WORK ITEM:
Please transcribe the listing that follows exactly; images are to be excluded.

DATA BELOW:

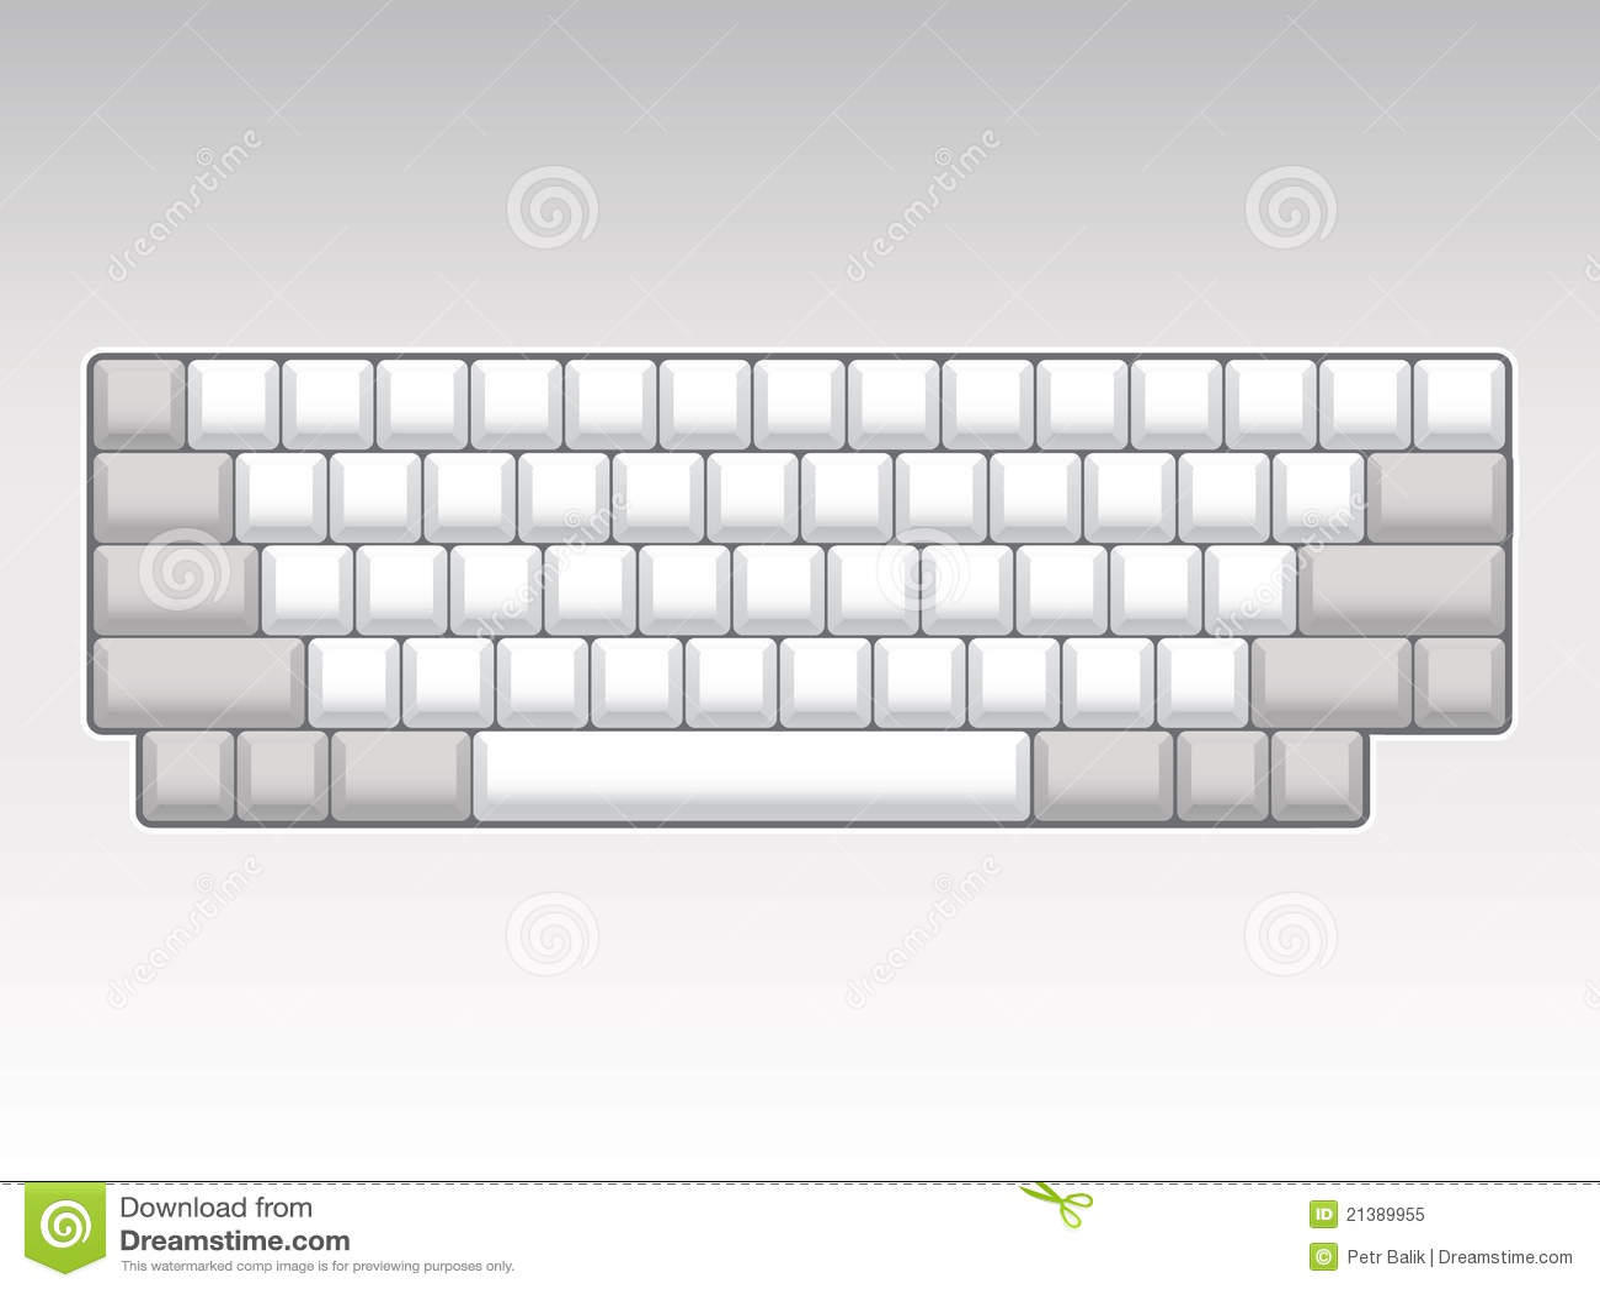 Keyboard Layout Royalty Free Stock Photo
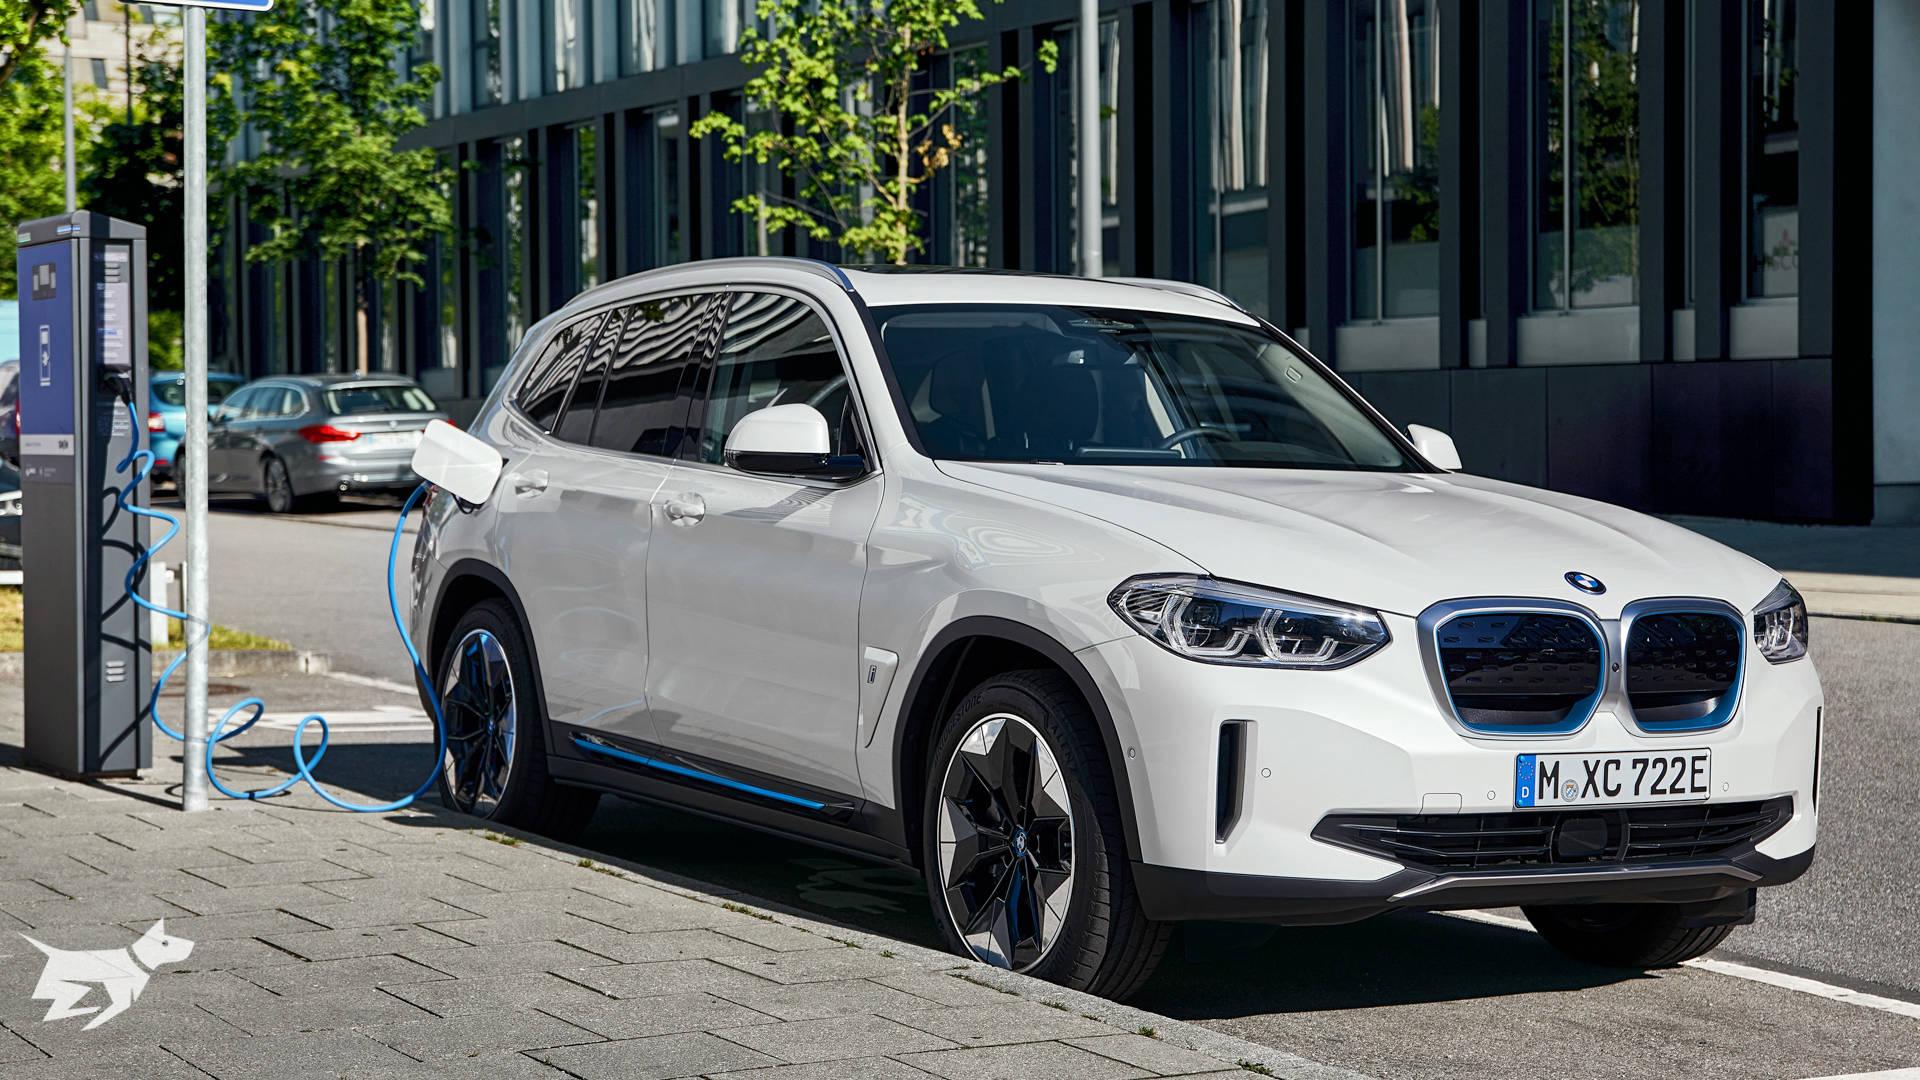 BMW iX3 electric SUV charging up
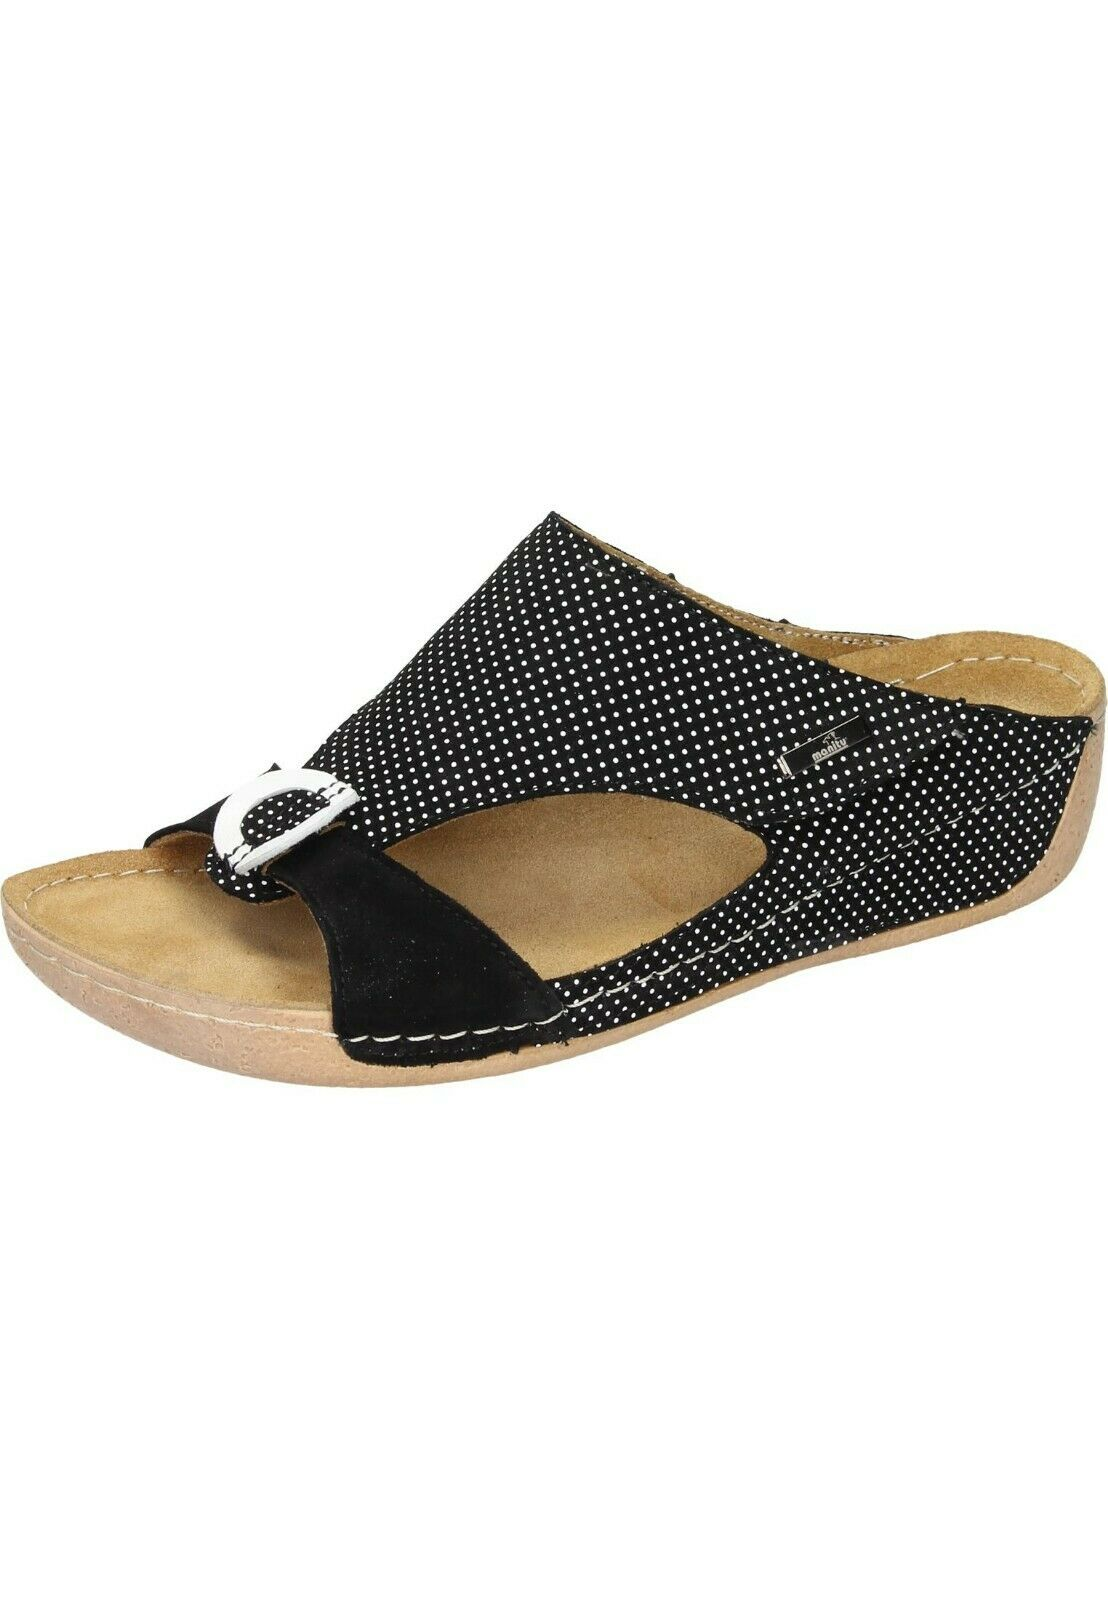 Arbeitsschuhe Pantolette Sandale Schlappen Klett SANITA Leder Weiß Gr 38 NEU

ANSWER:
 Keyboard Layout Royalty Free Stock Photo
 BMW iX3 electric SUV charging up
 Arbeitsschuhe Pantolette Sandale Schlappen Klett SANITA Leder Weiß Gr 38 NEU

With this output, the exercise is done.